◆ Data extract
-.-.-

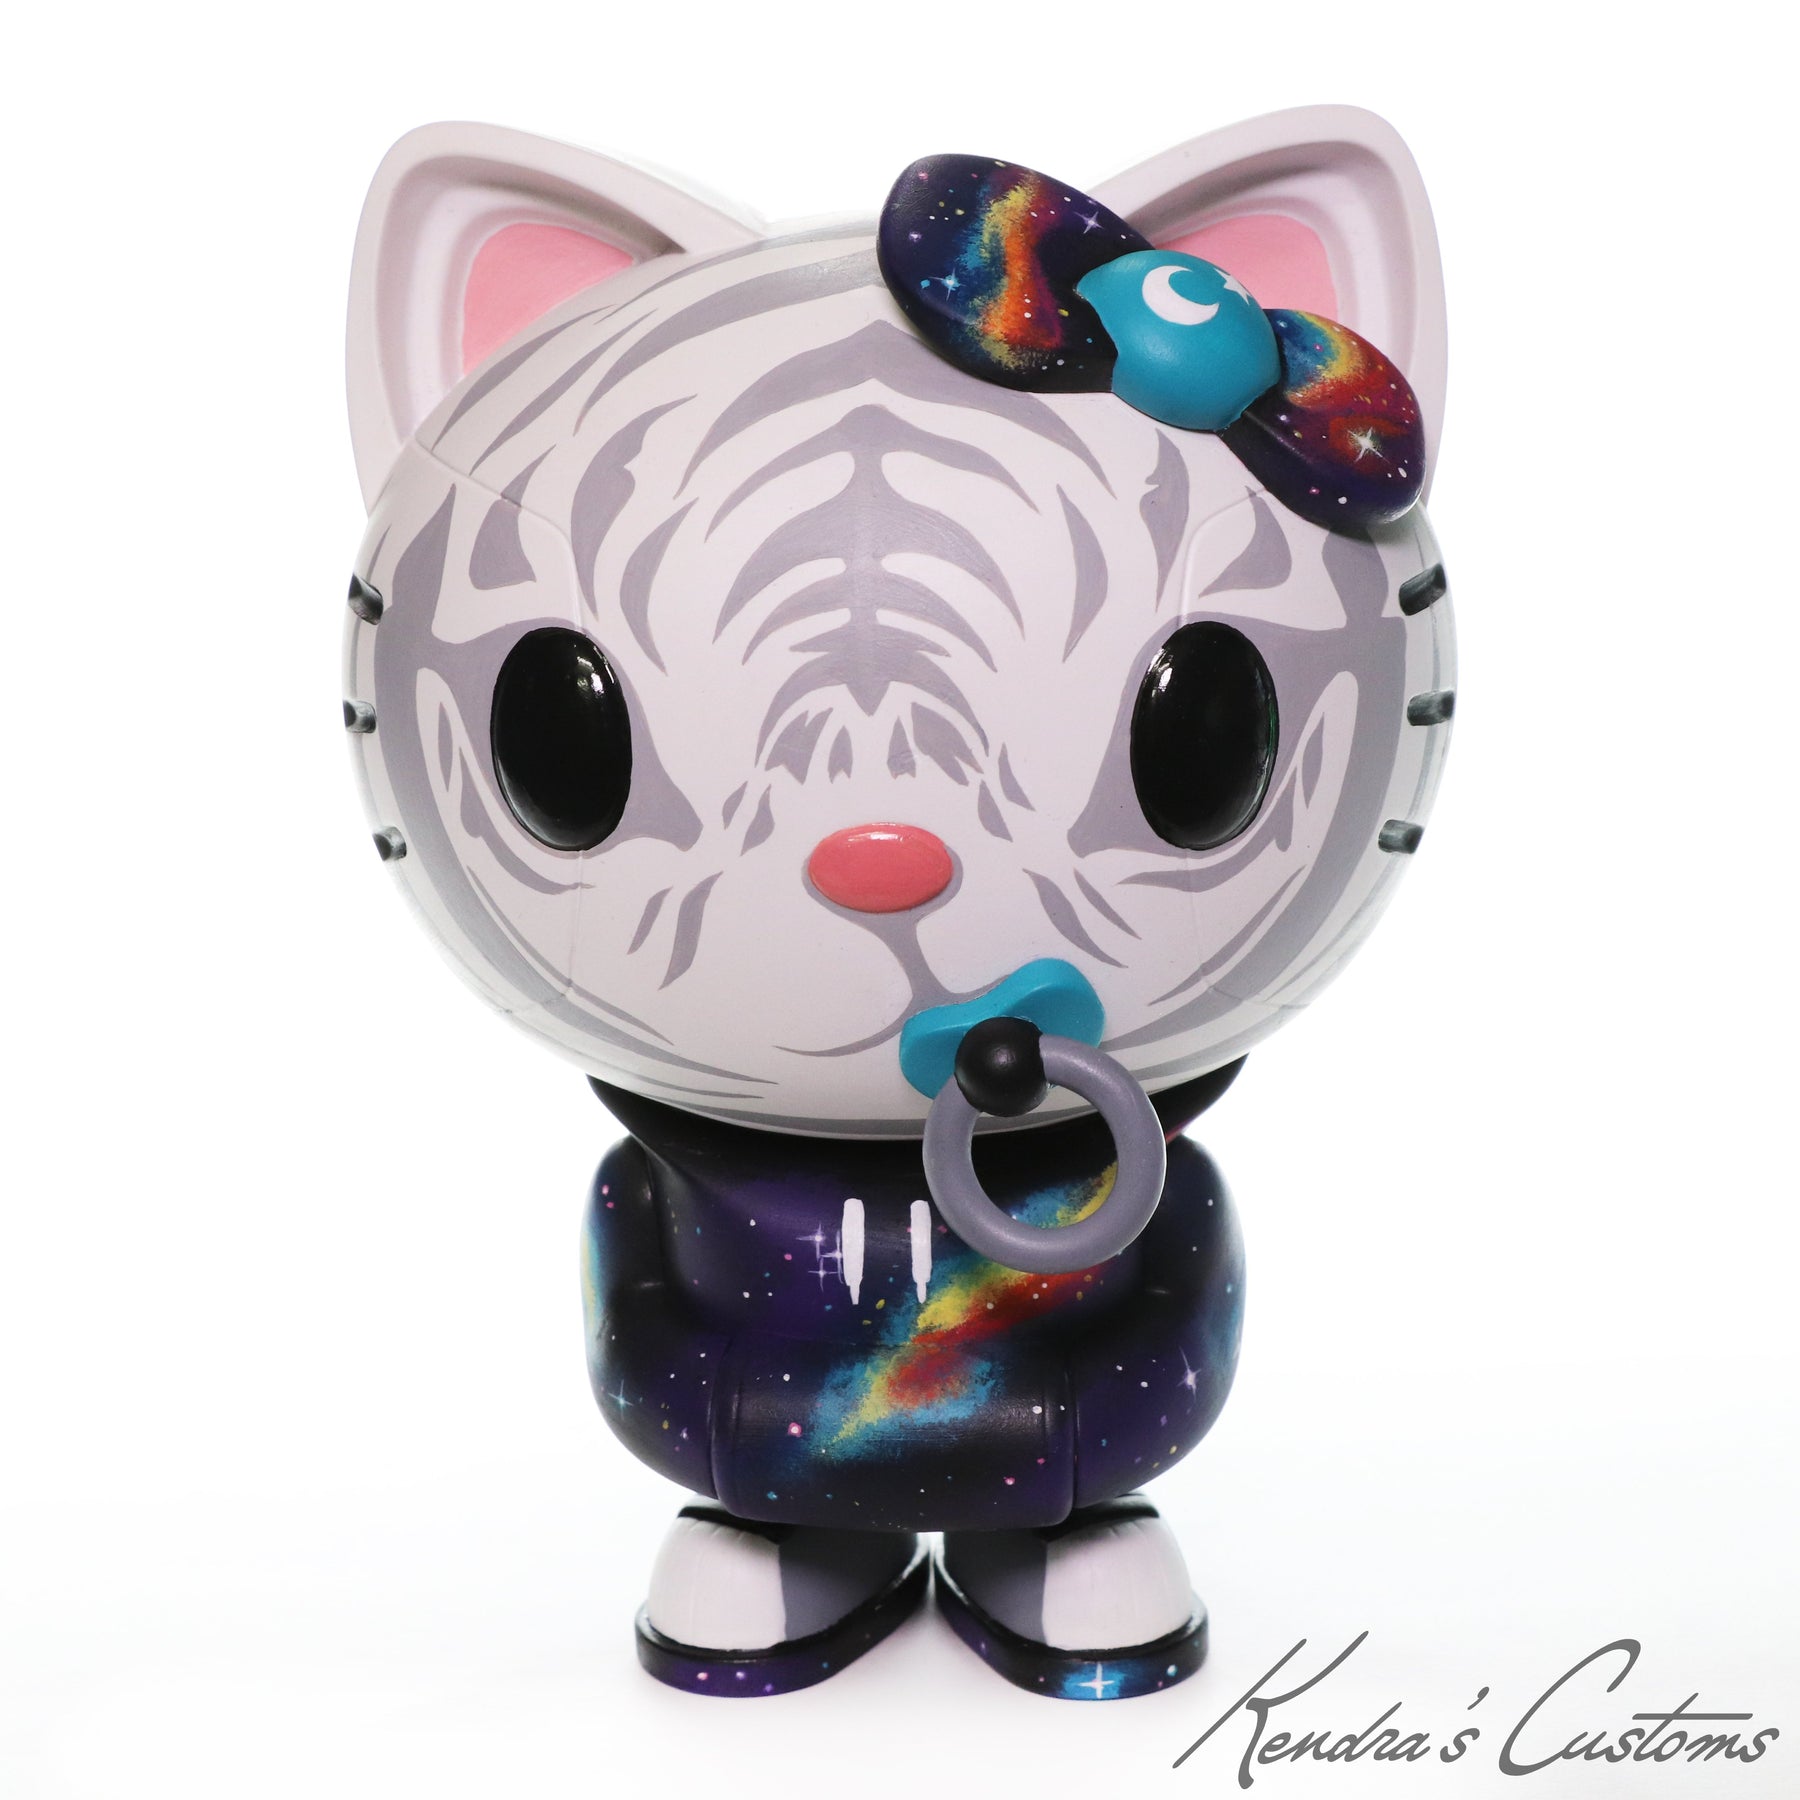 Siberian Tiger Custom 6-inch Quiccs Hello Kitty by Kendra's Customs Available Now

-.-.-

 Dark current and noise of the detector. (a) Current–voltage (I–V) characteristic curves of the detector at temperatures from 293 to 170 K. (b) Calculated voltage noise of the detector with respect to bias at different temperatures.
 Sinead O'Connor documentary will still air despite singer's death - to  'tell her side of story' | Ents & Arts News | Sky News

-.-.-

◆ Try it
Could you return exactly the stretch of the data above that starts at the line with "Dark current and" and ends at the line with "Sinead O'Connor documentary", both lines included?

◆ Answer to this exercise
 Dark current and noise of the detector. (a) Current–voltage (I–V) characteristic curves of the detector at temperatures from 293 to 170 K. (b) Calculated voltage noise of the detector with respect to bias at different temperatures.
 Sinead O'Connor documentary will still air despite singer's death - to  'tell her side of story' | Ents & Arts News | Sky News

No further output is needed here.